MEDIUM Promotes --dangerously-skip-permissions flag usage -15

The agent-usage.md reference explicitly shows running Claude Code with --dangerously-skip-permissions in an infinite while loop. This bypasses all user confirmation prompts, meaning any instruction in prd.json would be executed without human oversight. While this is documented as a usage pattern rather than an injected instruction, it normalizes a dangerous practice.

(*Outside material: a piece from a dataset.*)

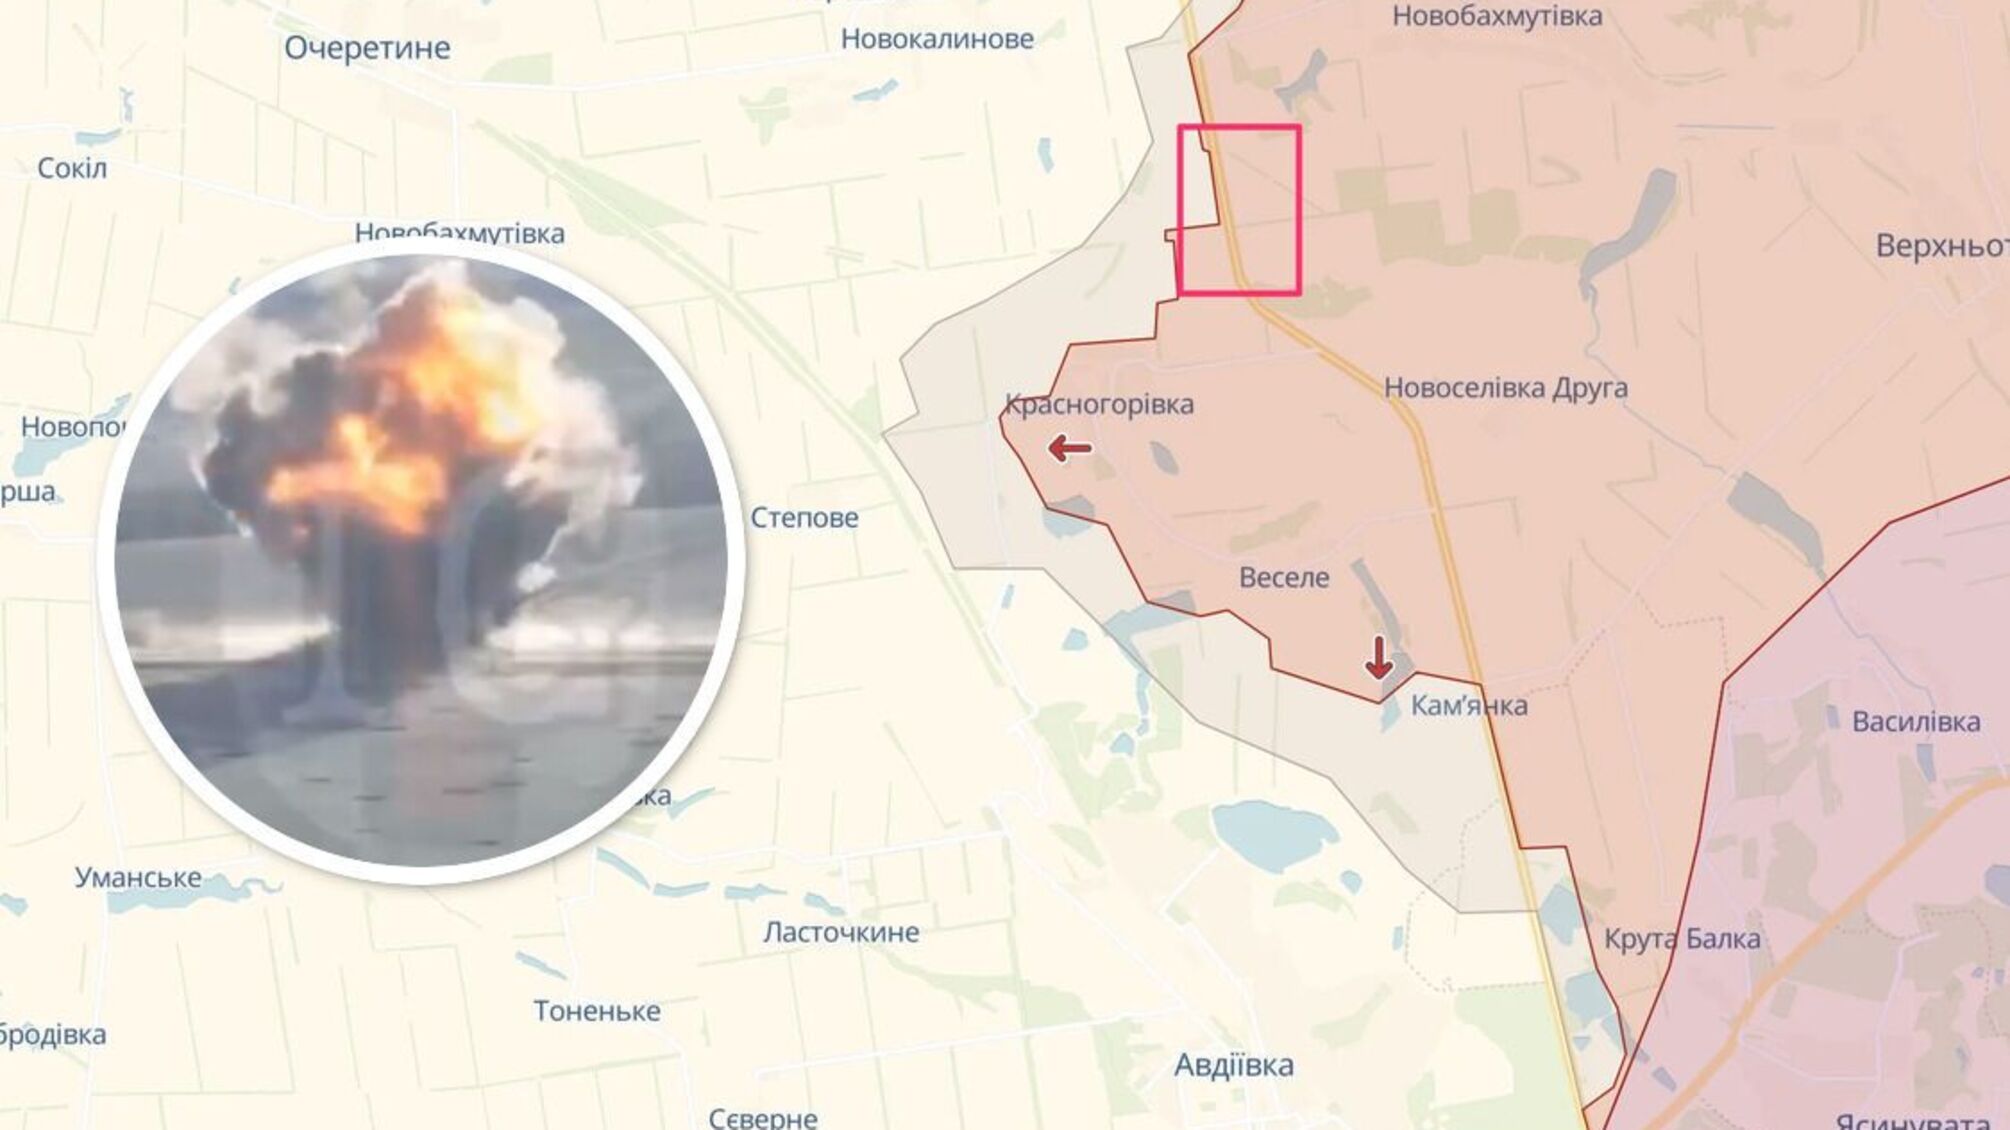 Бойцы спецподразделения 'Омега' уничтожили тайник с российскими противотанковыми минами под Авдеевкой (видео)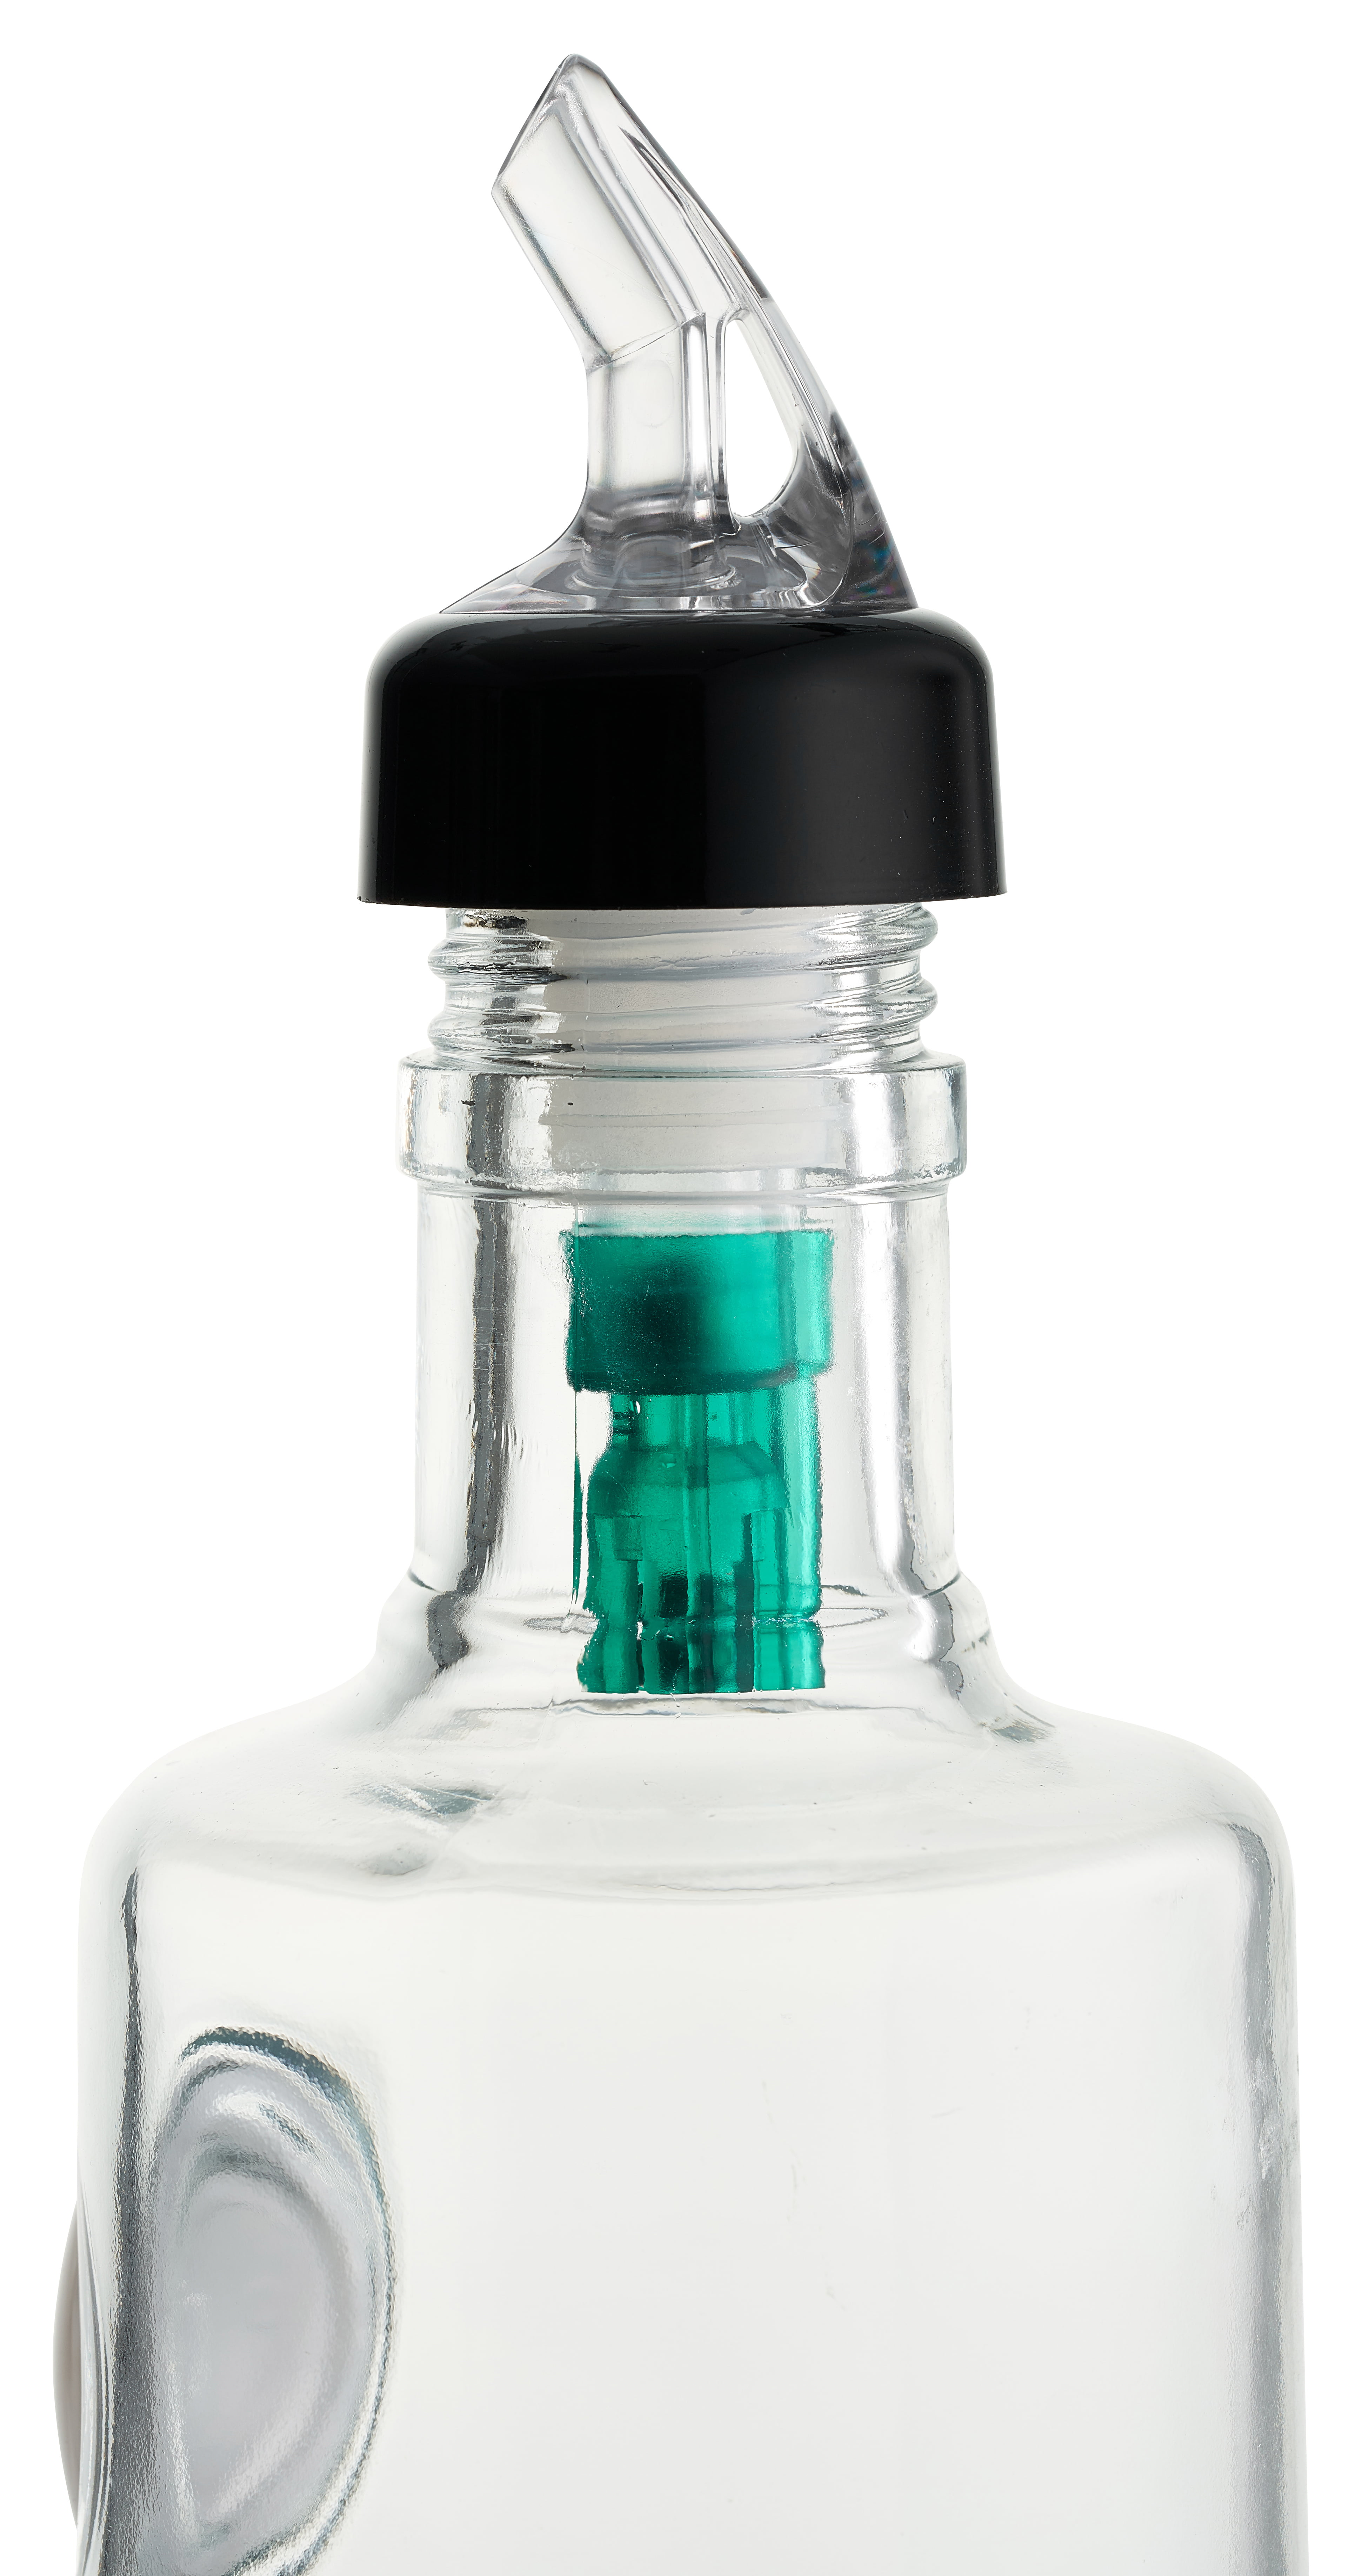 [6 PACK] Measured Liquor Bottle Pourers 0.5 oz (15 mL) - Collared Automatic  Measured Bottle Pourer - No Cracks, No Leaks, Bar Spouts, Quick Shot,

LOW Autonomous agent persona instructions in reference docs -7

The agent-usage.md and output-patterns.md files contain prompt templates that instruct the agent to behave as an 'autonomous coding agent' that reads tasks, implements them, commits code, and modifies project files without human review. These are reference documents (not the main SKILL.md), but they could influence agent behavior if the agent reads the references/ directory.

LOW Indirect attack surface via poisoned prd.json -15

The skill's workflow pattern creates an indirect attack vector: if an attacker can place a malicious prd.json in a project (via PR, shared repo, or social engineering), the autonomous execution loop would carry out the attacker's instructions as acceptance criteria. The skill does not validate or sanitize prd.json contents.

INFO Platform runtime reads sensitive files during install -15

The filesystem monitor recorded reads of .env, .aws/credentials, .bashrc, and .profile during installation. These reads are attributable to the openclaw platform runtime (gateway lock file, agent config loading) rather than the skill itself, as the skill contains no executable code. However, users should be aware the platform accesses these files.

INFO No executable code in skill 0

The skill consists entirely of markdown documentation files, JSON metadata, and template examples. No executable code, scripts, hooks, or submodules are present.

INFO External links are documentation references only -5

The skill references external URLs (github.com/snarktank/ralph, github.com/anthropics/claude-code, ampcode.com, aihero.dev) purely as documentation links for further reading. None are fetched, loaded, or executed by the skill.